October 30, 2018 Sprinting

Decent weather, still haven't needed leggings out here.



  • 110: 6

October 28, 2018 Full Body

Left shoulder/elbow still hurt, not quite as bad though, which is a good sign I suppose. Got flattened on that 300 attempt on benching, I think my left side has been lower as I push, maybe from the shoulder irritation.   Also, cable rows did not hurt my elbow, which is a good sign as well.  



  • Squats: 325*1 345*1 360*1 370*1 380*1 390*1
  • Front Squats: 240*1 260*1
  • Bench Press: 240*3 255*3 270*2 280*1 290*1 300*X 225*7
  • Cable Rows: 150*5 170*5 190*5
  • Pull-Throughs: 150*10, 10
  • Standing Calves: 180*12, 12
  • DB Farmers: 120*60, 40
  • WSARC: 32.5*10, 10 

October 27, 2018 Conditioning

More crappy weather, track-flooding rain, so went to gym and did sled pushes.



  • Sled Push: 90*1, 1 135*1, 1 180*1,1,1,1,1,1,1,1,1,1 140*1,1,1,1,1,1,1,1,1,1

October 25, 2018 Full Body

My left shoulder has been really irritated, and is still so currently....hurts when I rotate my arm up over my head and then back, like right when I'm at the part of the rotation that has the arm straight up overhead.  Also, left elbow hurts too, when doing back exercises like rows or pullups.  That actually hurts worse than the shoulder.  Going to try and work through it, if it starts to feel a bit better.  Again, maybe taking a few days off would help but I'd rather just push through.
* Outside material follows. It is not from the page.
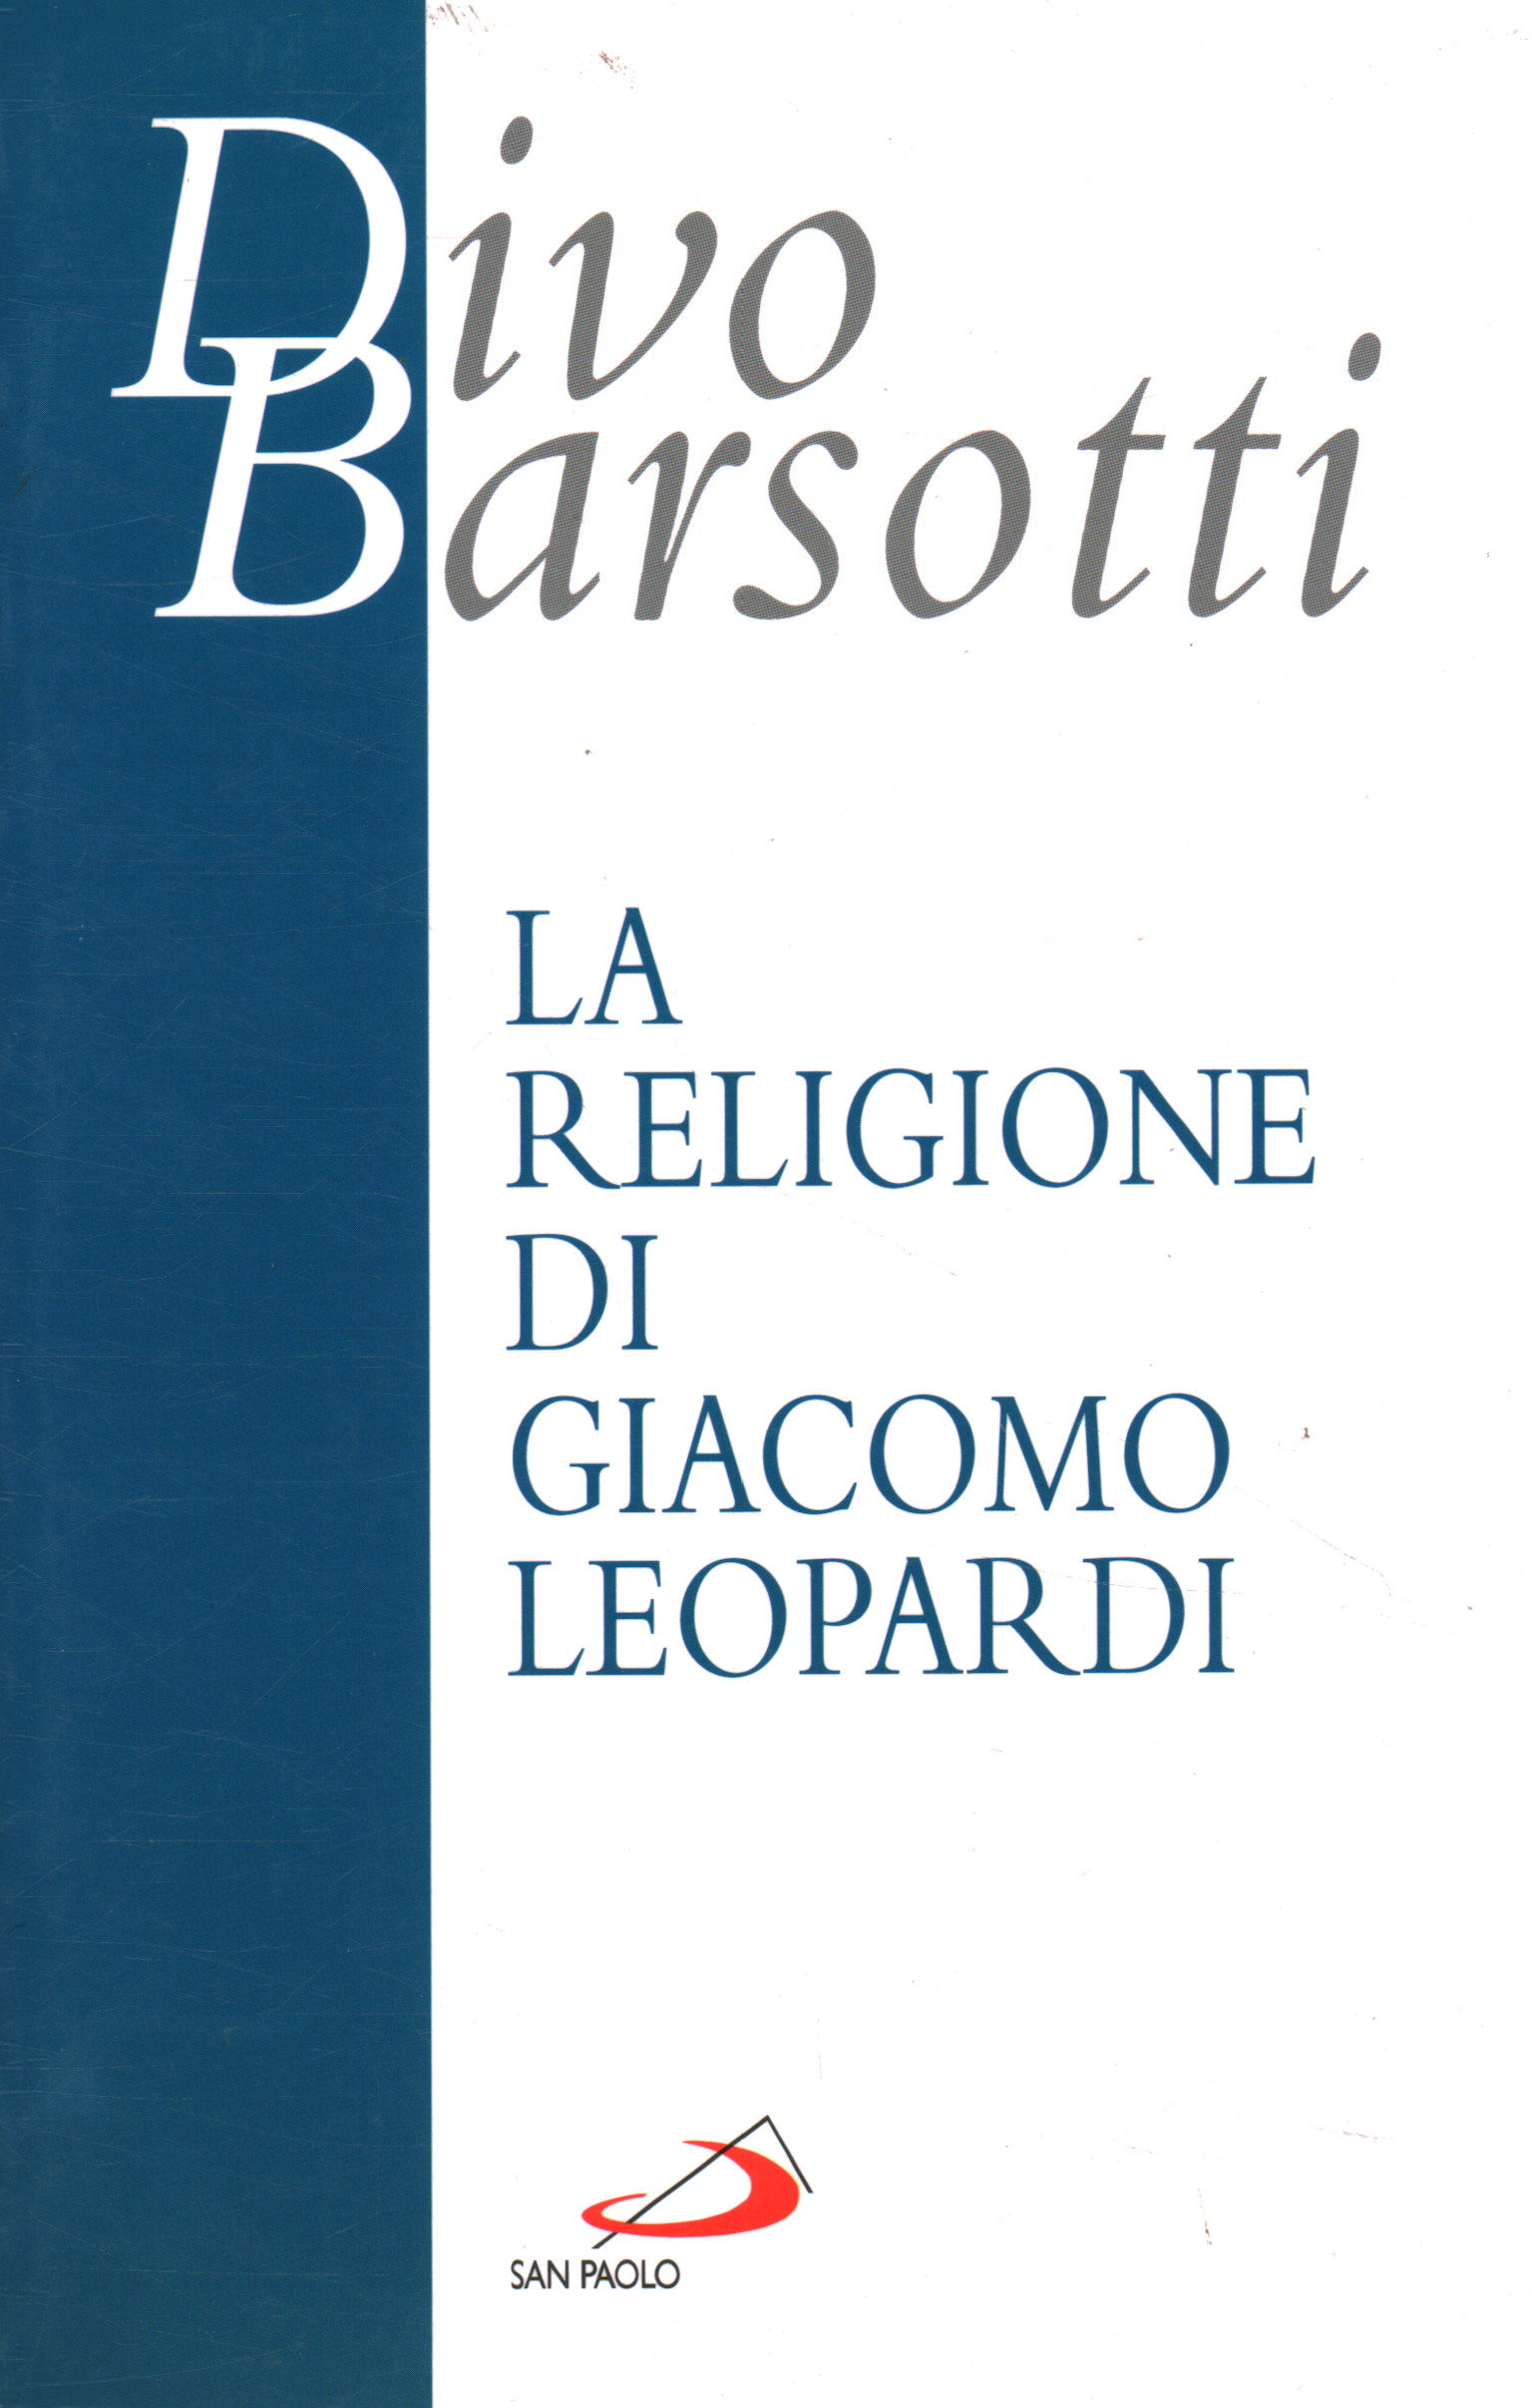 The religion of Giacomo Leopardi
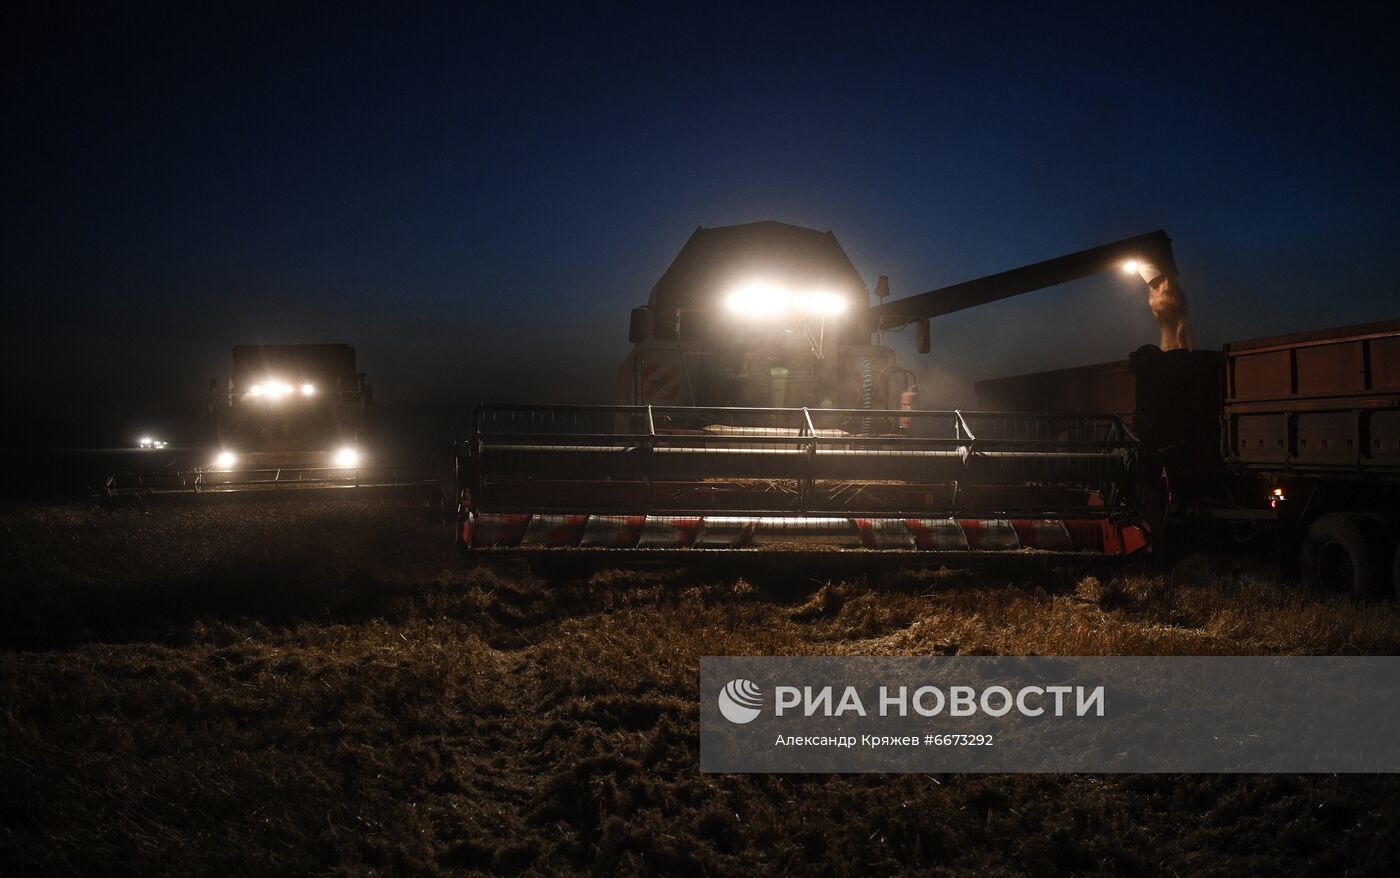 Сбор урожая в Новосибирской области

  • Deadlift: 315*1 365*1 405*1 445*1 465*1 485*1
  • HPS: 105*3 125*3 135*1 145*1 155*X 145*1
  • Incline Bench: 195*3 220*3 230*3 240*2 250*1 260*1
  • Seated Calves (Slow): 80*11, 13
  • Sternum Pullups: 8, 6, 4 excruciating left elbow pain
  • Waiter Walks: 90*100
  • Dead Bugs: 10, 10 

October 24, 2018 Sprinting

Crappy weather the past couple Saturdays has forced me down to sprinting once per week and doing sled pushes at the gym on Saturdays instead.  Decent session here at least, weather wasn't too cold.